--- What the exercise asks ---
Set down the entries below exactly, leaving out all images.

--- Provided entries ---
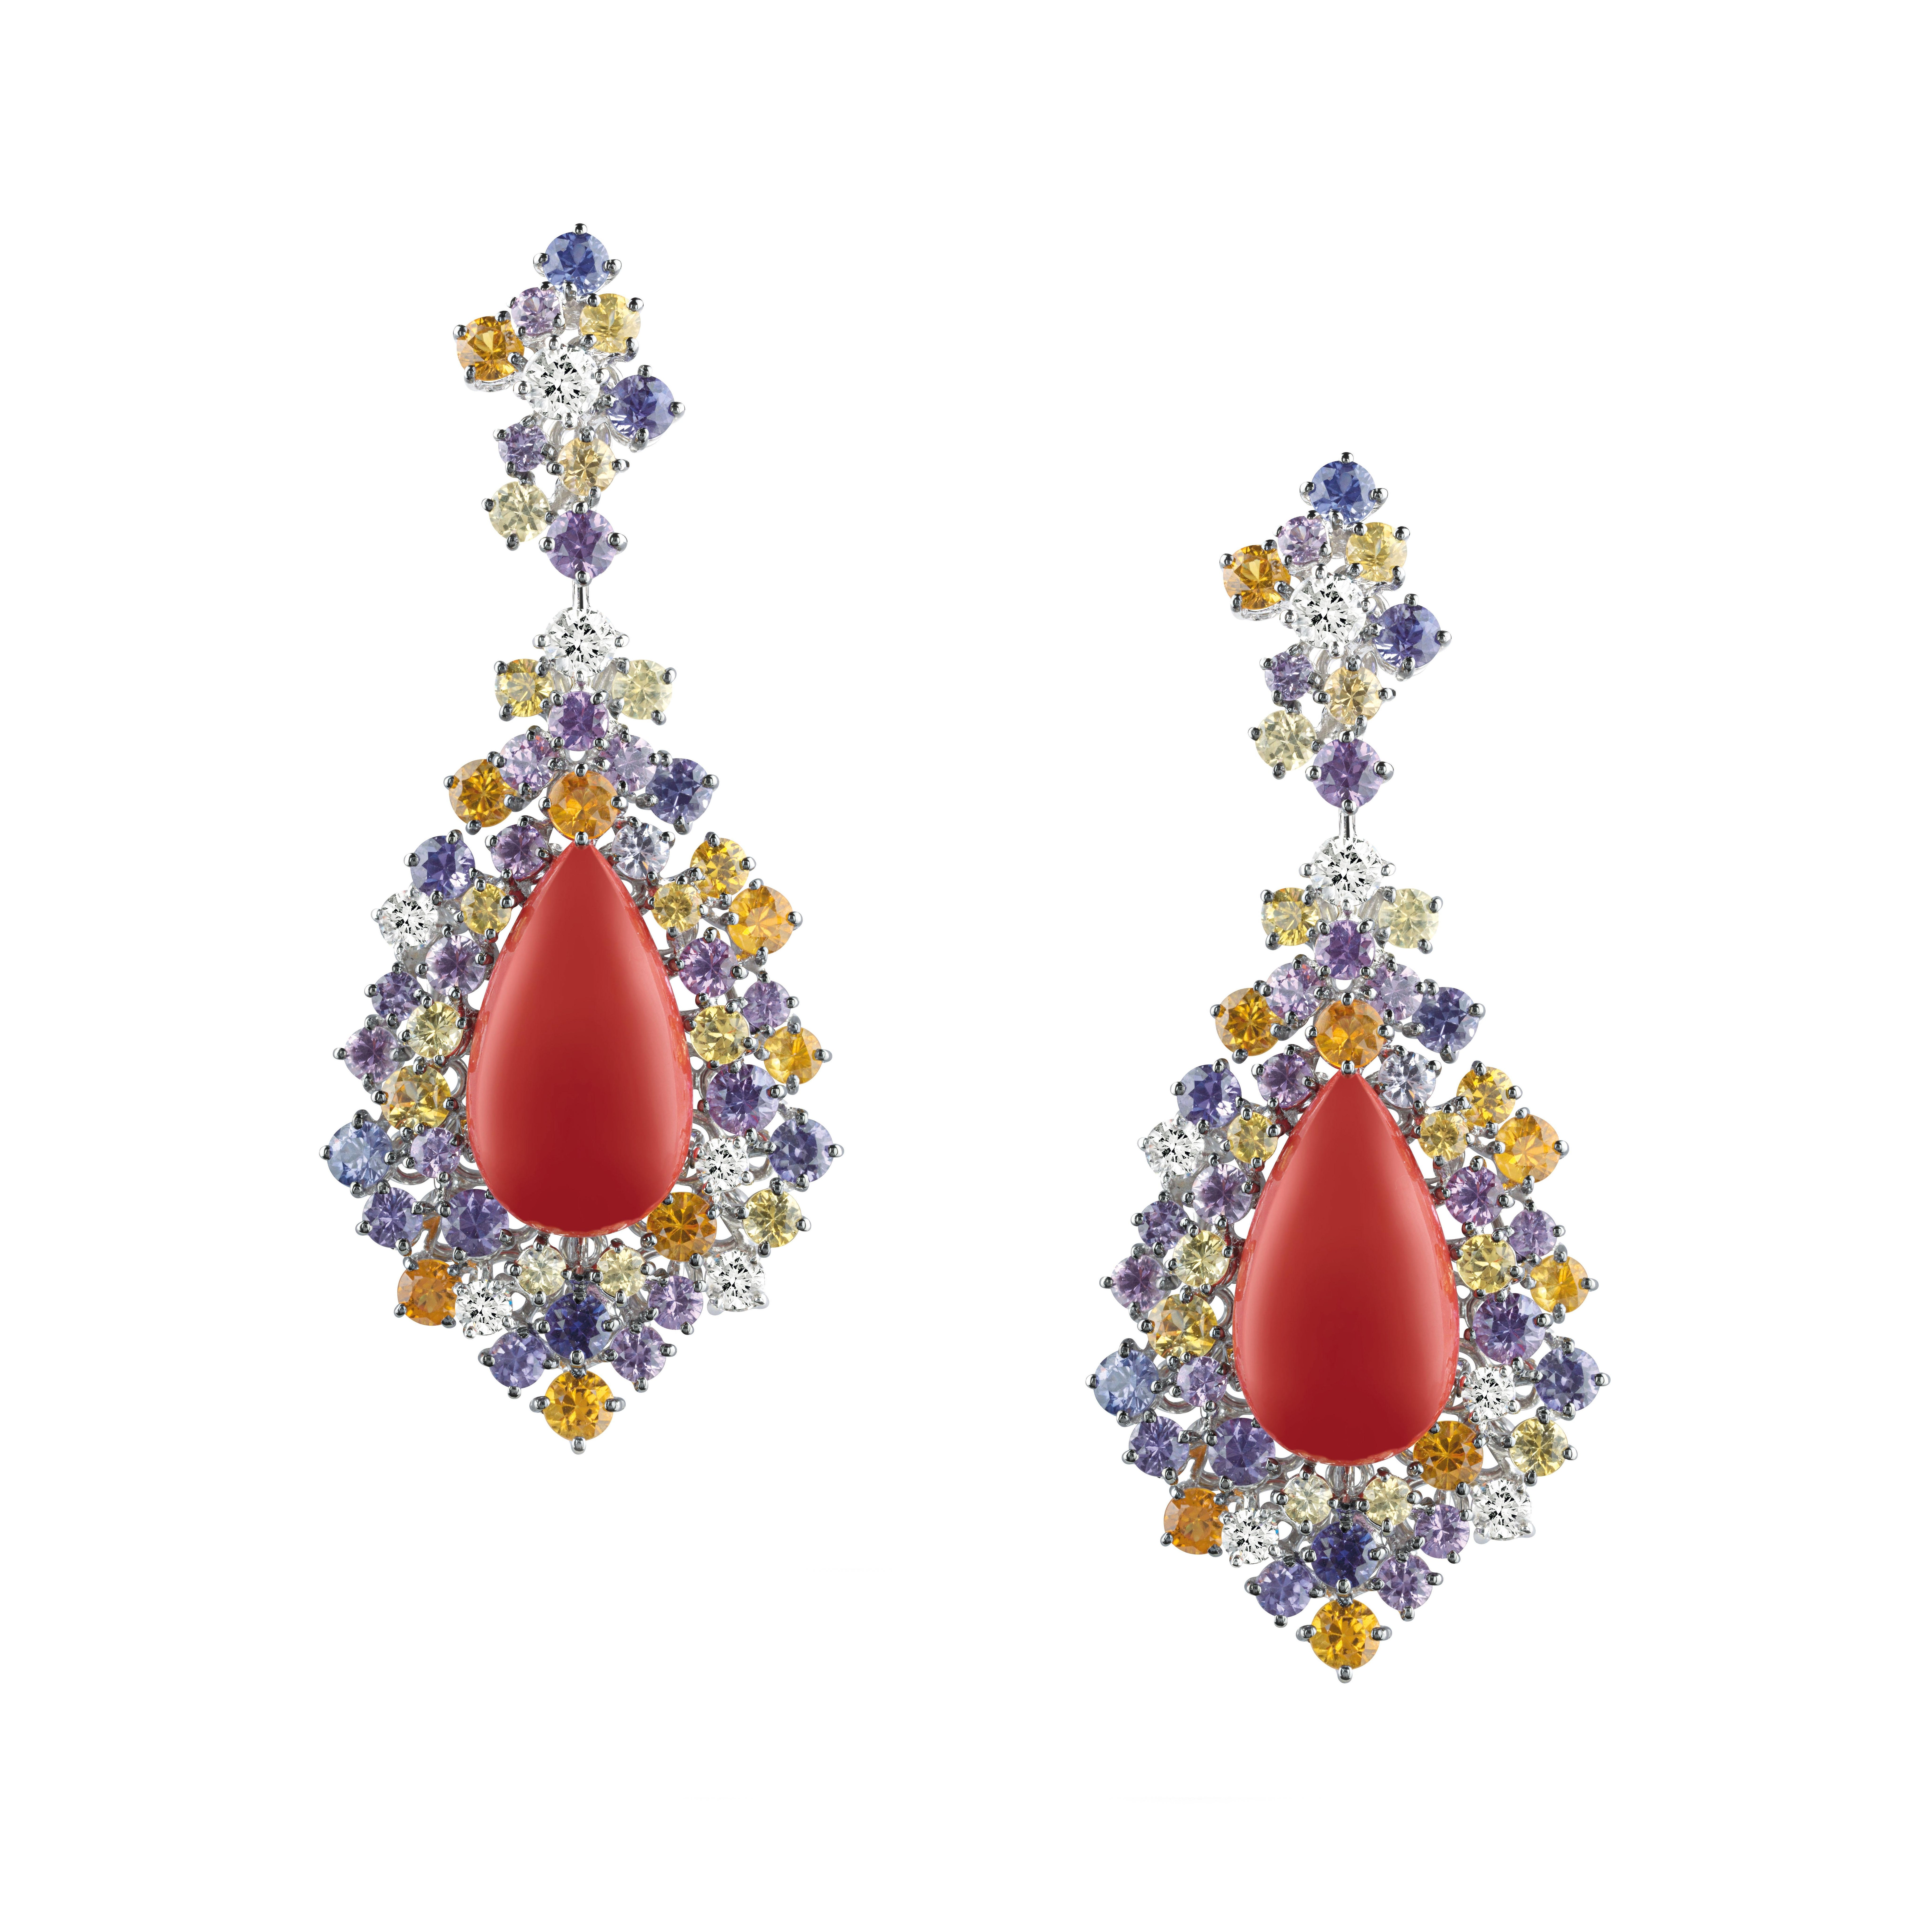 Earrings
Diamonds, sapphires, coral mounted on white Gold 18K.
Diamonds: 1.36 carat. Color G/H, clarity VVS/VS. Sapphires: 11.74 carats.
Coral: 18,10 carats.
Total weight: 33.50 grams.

--- Task result ---
 Earrings
Diamonds, sapphires, coral mounted on white Gold 18K.
Diamonds: 1.36 carat. Color G/H, clarity VVS/VS. Sapphires: 11.74 carats.
Coral: 18,10 carats.
Total weight: 33.50 grams.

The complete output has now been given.